If you want to compound wealth in the stock market, you can do so by buying an index fund. But investors can boost returns by picking market-beating companies to own shares in. For example, the OptiComm Ltd (ASX:OPC) share price is up 75% in the last year, clearly besting the market decline of around 11% (not including dividends). So that should have shareholders smiling. Note that businesses generally develop over the long term, so the returns over the last year might not reflect a long term trend.
In his essay The Superinvestors of Graham-and-Doddsville Warren Buffett described how share prices do not always rationally reflect the value of a business. One way to examine how market sentiment has changed over time is to look at the interaction between a company's share price and its earnings per share (EPS).
During the last year OptiComm grew its earnings per share (EPS) by 0.5%. This EPS growth is significantly lower than the 75% increase in the share price. This indicates that the market is now more optimistic about the stock.
You can see how EPS has changed over time in the image below (click on the chart to see the exact values).

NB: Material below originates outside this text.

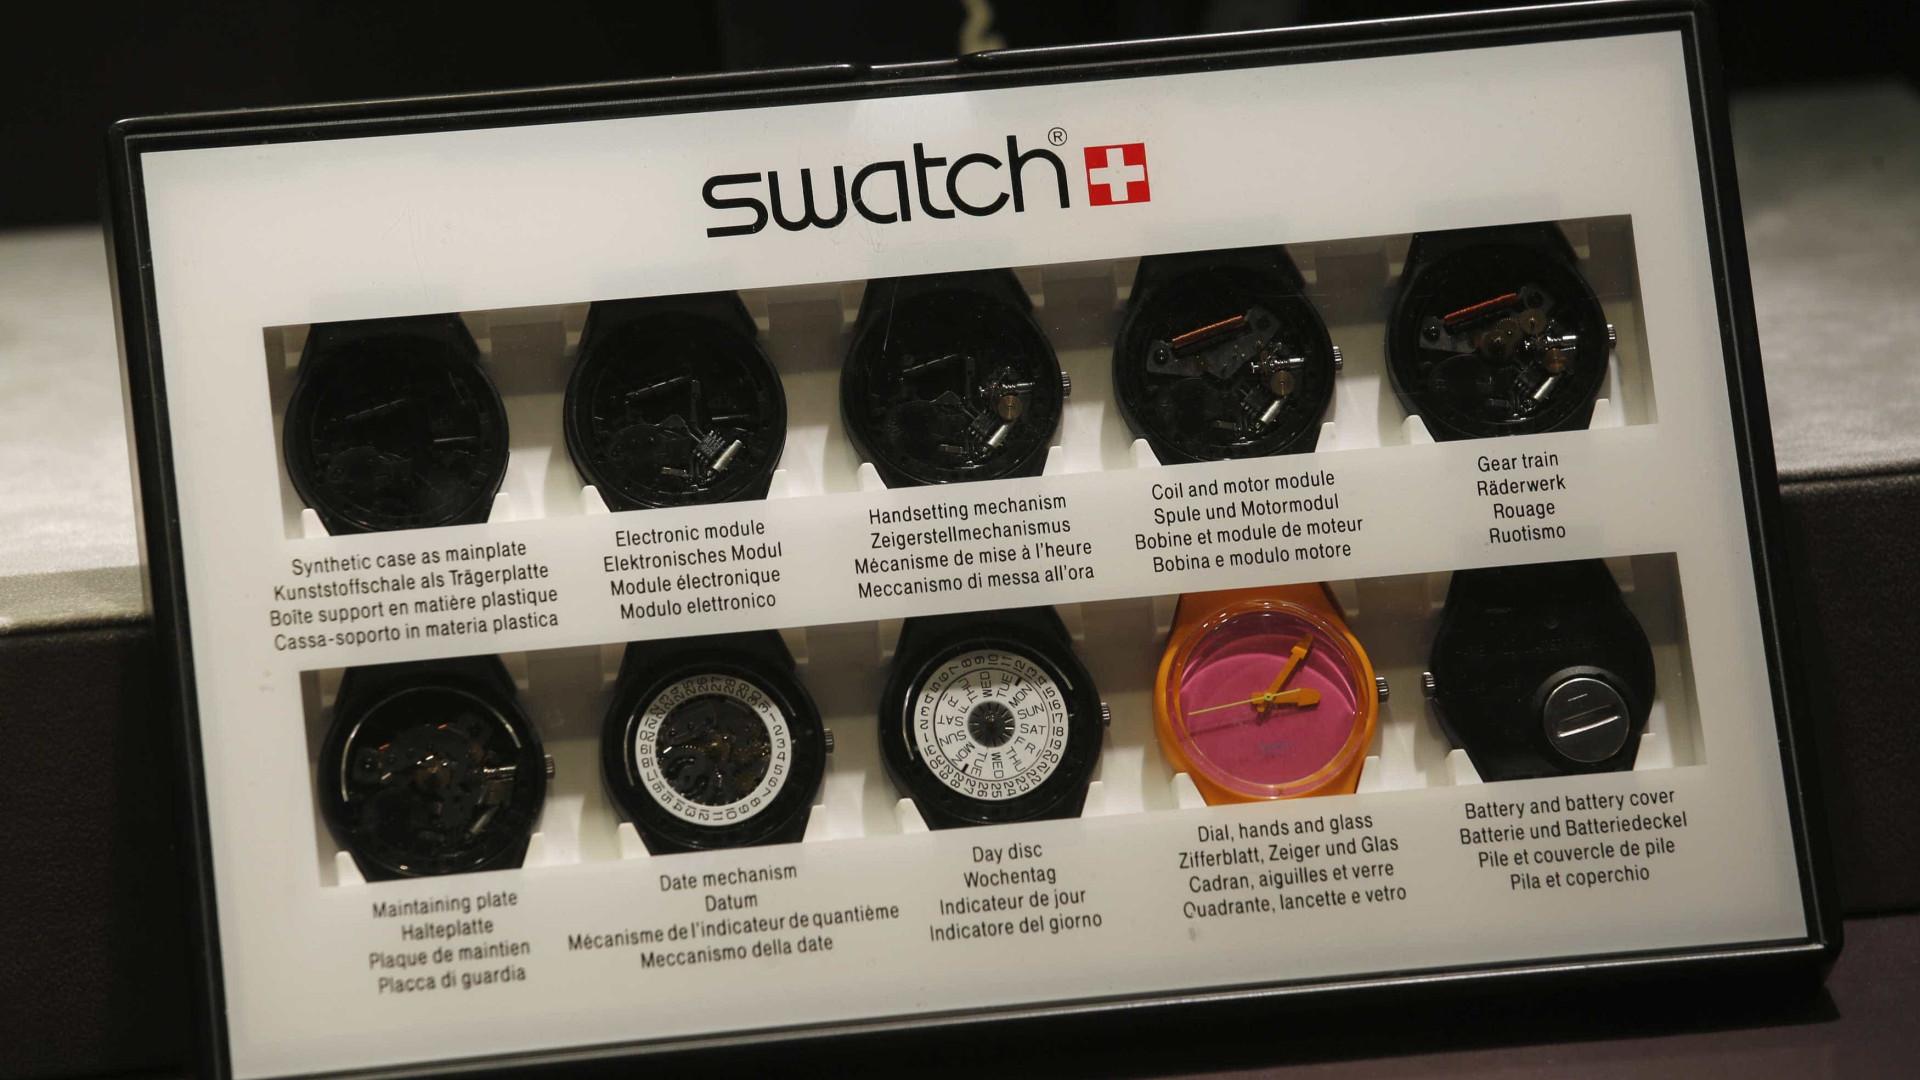 Relógio inteligente da Swatch já tem data prevista

Before buying or selling a stock, we always recommend a close examination of historic growth trends, available here.
What About Dividends?
It is important to consider the total shareholder return, as well as the share price return, for any given stock. The TSR incorporates the value of any spin-offs or discounted capital raisings, along with any dividends, based on the assumption that the dividends are reinvested. So for companies that pay a generous dividend, the TSR is often a lot higher than the share price return. We note that for OptiComm the TSR over the last year was 79%, which is better than the share price return mentioned above. This is largely a result of its dividend payments!
A Different Perspective
OptiComm shareholders should be happy with the total gain of 79% over the last twelve months, including dividends. That's better than the more recent three month gain of 11%, implying that share price has plateaued recently. Having said that, we doubt shareholders would be concerned. It seems the market is simply waiting on more information, because if the business delivers so will the share price (eventually). I find it very interesting to look at share price over the long term as a proxy for business performance. But to truly gain insight, we need to consider other information, too. To that end, you should be aware of the 1 warning sign we've spotted with OptiComm .
We will like OptiComm better if we see some big insider buys. While we wait, check out this free list of growing companies with considerable, recent, insider buying.
Please note, the market returns quoted in this article reflect the market weighted average returns of stocks that currently trade on AU exchanges.
This article by Simply Wall St is general in nature. It does not constitute a recommendation to buy or sell any stock, and does not take account of your objectives, or your financial situation. We aim to bring you long-term focused analysis driven by fundamental data. Note that our analysis may not factor in the latest price-sensitive company announcements or qualitative material. Simply Wall St has no position in any stocks mentioned.